LIN CHUN | GUARDIAN NEWS SERVICE

WHY is it that when Ai Weiwei is detained, the west assumes that he is a victim of trumped-up charges, but when Bo Xilai is dismissed as the Chongqing party chief, London and Washington follow every step of Beijing? The political upheaval triggered by the downfall of Bo and the “Chongqing model” - is still unfolding in China. Although the model is not fundamentally different from the national agenda of neoliberal global integration, it included more independent social policies. These proved so popular, it took what the Financial Times has called a “palace coup” to crush it.

Corruption charges have been brought against Bo, and his wife Gu Kailai is detained, suspected of murder.

So far nothing is proven, despite a smear campaign against them.

Regardless of whether any hard evidence eventually emerges to prove them guilty, the persecution of the practitioners of the Chongqing model is not motivated by a desire to stop corruption or solve a murder case, but by a sharp political conflict.

Under attack are not only these individuals, but also forces supporting the search for an alternative to the dominant growth pattern and the Chongqing model itself, with all of its hallmarks: changhong, or “singing red songs”; dahei, smashing criminal gangs and corruption; and minsheng, distributive social policies.

So far, the most astonishing thing is that nothing has been established beyond the fact that Neil Heywood, a British businessman who worked for a firm with British Intelligence (M16) links, died in a Chongqing hotel.

According to several versions of an increasingly colourful story, Gu asked Heywood to help her transfer money abroad, the two disputed the commission, and he threatened to expose her.

Remarkably, there was no paper trail.

Many in China believe that none of the increasingly implausible speculations can ever be proven: there is no body; the witnesses are unreliable; in China, a fair trial is not always likely; and in this case the political motives of the accusers have predetermined the outcome of any investigation.

This is not to downplay the seriousness of corruption. Indeed, it is such an entrenched problem that it is used as a political weapon, to bring down one’s enemies or to rally unity: few are clean enough not to fear charges themselves. Often the charge of corruption is only activated politically.

The crackdown has not stopped with Gu and Bo. Party leaders have demanded that cadres take a stand by denouncing Bo while declaring loyalty to President Hu Jintao’s central government.

By mid-April, more than 210,000 online “rumours” had been removed, and many leftist websites shut down.

Thus a crackdown on rumour is used to legitimate political suppression.

The officials vowed that any “violation of the constitution, malicious attack on state leaders or unfounded comments on the 18th party congress” must be crushed. People are reminded of the cultural revolution purges.

In the campaign against Chongqing, the degree of oppression directly reflects the extent of resistance.

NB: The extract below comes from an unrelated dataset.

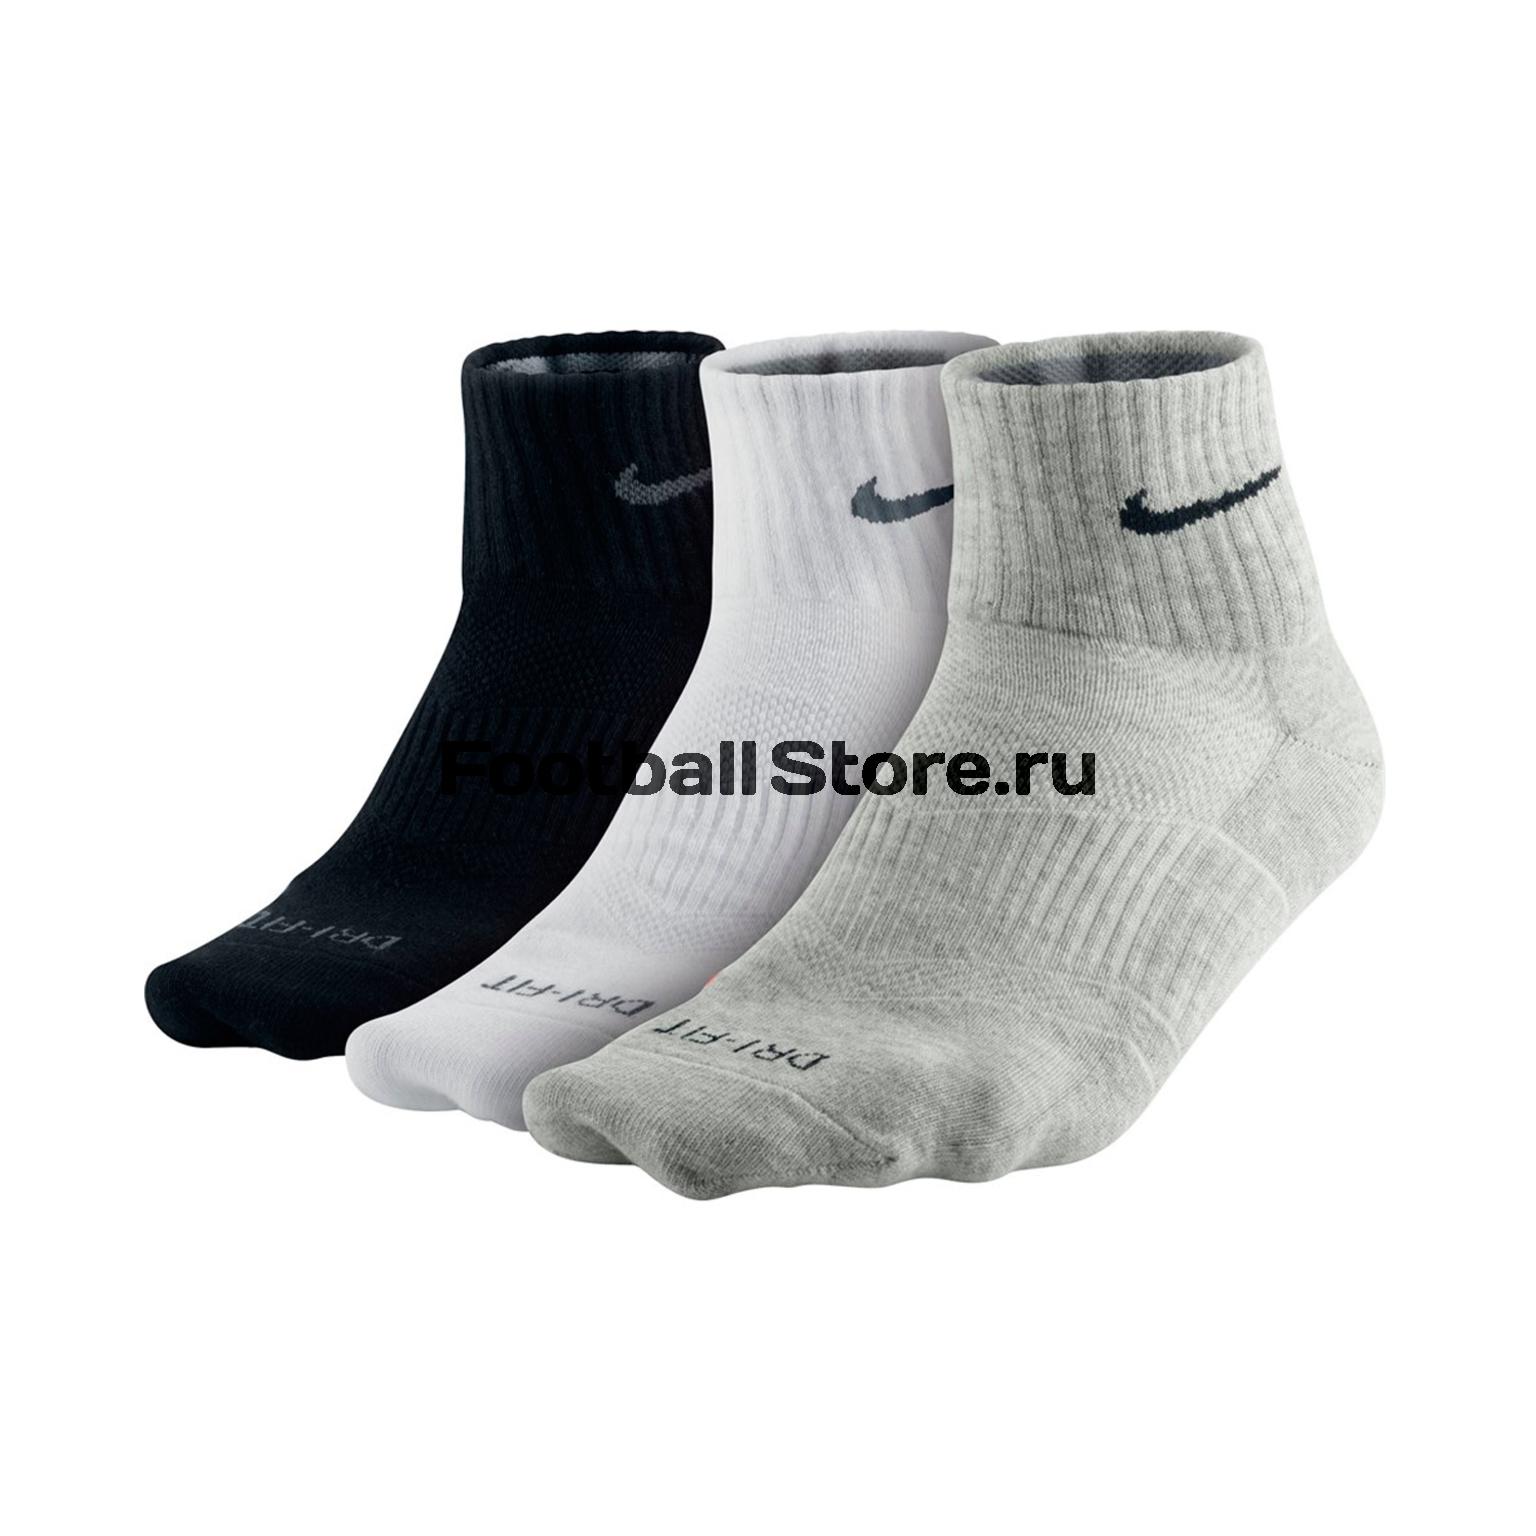 Носки Nike Комплект носков Nike 3PPK D-F Lightweight QTR SX4847-901

Instead of redressing policy mistakes in the last decade, China’s leaders are determined to suppress dissent while paving the way for their next big move: further privatisation and financial liberalisation, alongside “political reform”, which will institutionalise the spectacular personal economic gains privatisation has allowed. The current crisis may be the last milestone in the Chinese path of negating socialism. What is extraordinary about it is the alliance of a Communist leadership, anti- Communist factions and western governments - a phenomenal example of 21st-century postmodern politics.